After the turmoil of the 1970s and a period of forced exile in Venezuela, the Rizzutos, father Nicolò and son Vito, returned to Montreal in the early 1980s. From then on, under their command, the Montreal Mafia began a radical, unforeseen expansion. Under the aegis of Vito Rizzuto, with the benefit of his father’s experience and advice, criminal activity in the city was organized like a business. Before long, large-scale drug trafficking would propel the Sicilian organization to the top of the underworld pyramid and a leading role on the mob scene in Canada and around the world. Wielding charisma and possessed of considerable skills as a mediator, Vito Rizzuto quickly won the unanimous backing of those around him and the respect of the bosses of other local criminal organizations. He surrounded himself with informed advisers and criminals, and the organization achieved complete control over its territory.
Men come and go, but institutions and their structures abide. This has been the key to the strength and renown of Cosa Nostra for more than a century—and it is doubtless true of the Rizzuto organization. Deploying its organizational model inspired by the Sicilian crime families, over the years the family implemented a system of alliances among the dozen or so clans making up the Montreal Mafia, and in so doing has consolidated its authority and made police infiltration difficult.

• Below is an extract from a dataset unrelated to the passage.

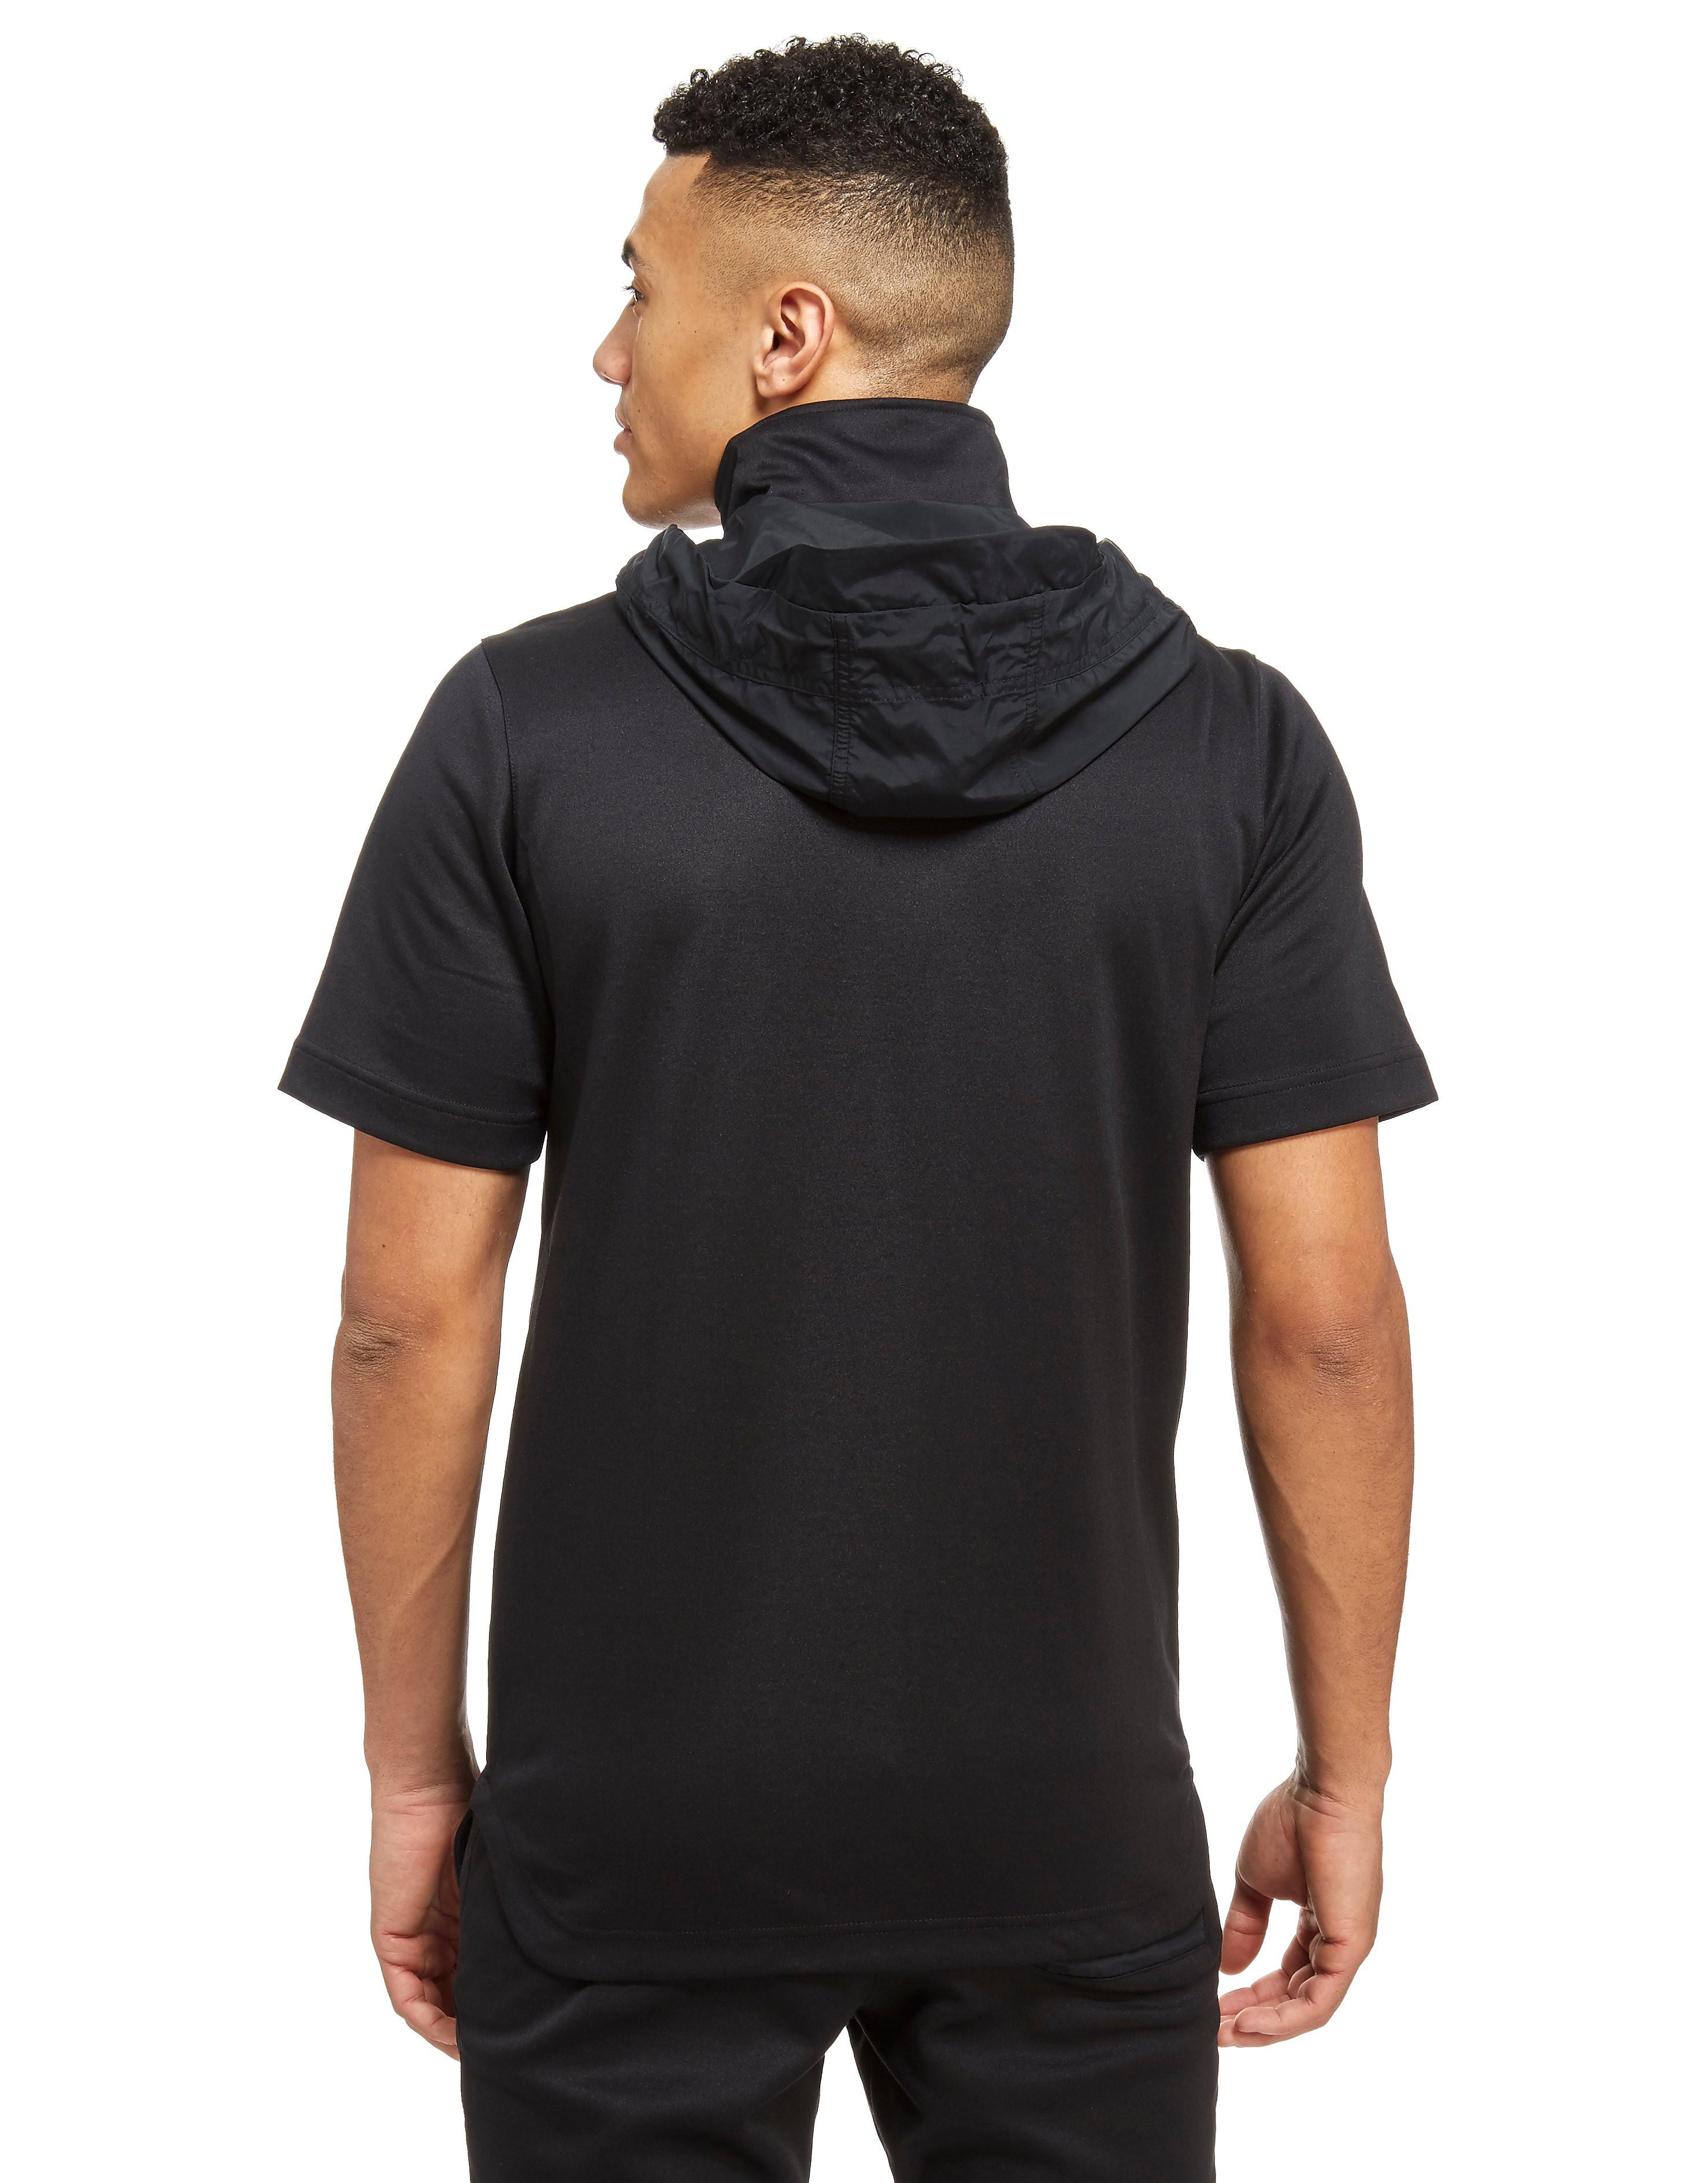 Nike Air Max Short Sleeve Hoody

The Rizzuto organization comprises three tiers of authority. At the top is what might be termed the senior executive: the Mannos, Rendas and Rizzutos, linked by blood ties as well as marriage. The family’s broad criminal strategies are mapped out at this level. Marital connections also extend to the second level of the organization: the lieutenants, some of whose children are married to those of the top-level bosses. From this level, all criminal operations are coordinated and carried out. The third level comprises a wide array of associates, not necessarily all of Italian origin, but who have expertise in a particular sphere of activity, either criminal or legal. Lawyers, financiers and front men of all stripes place their know-how in the service of the organization, helping it launder the staggering amounts of money generated by criminal activities.
It is the story of Vito Rizzuto and members of his family that journalists André Cédilot and André Noël recount in these pages. They chronicle the family’s beginnings as country wardens in the Sicilian town of their birth, through to their arrival in Canada and their rise within the ranks of the Canadian Mafia. And finally they chronicle the family’s decline, beginning in 2004 with the arrest of Vito Rizzuto, and continuing through the historic police roundup of November 22, 2006, which heralded the end of the Rizzuto family’s dynastic rule over the Montreal underworld.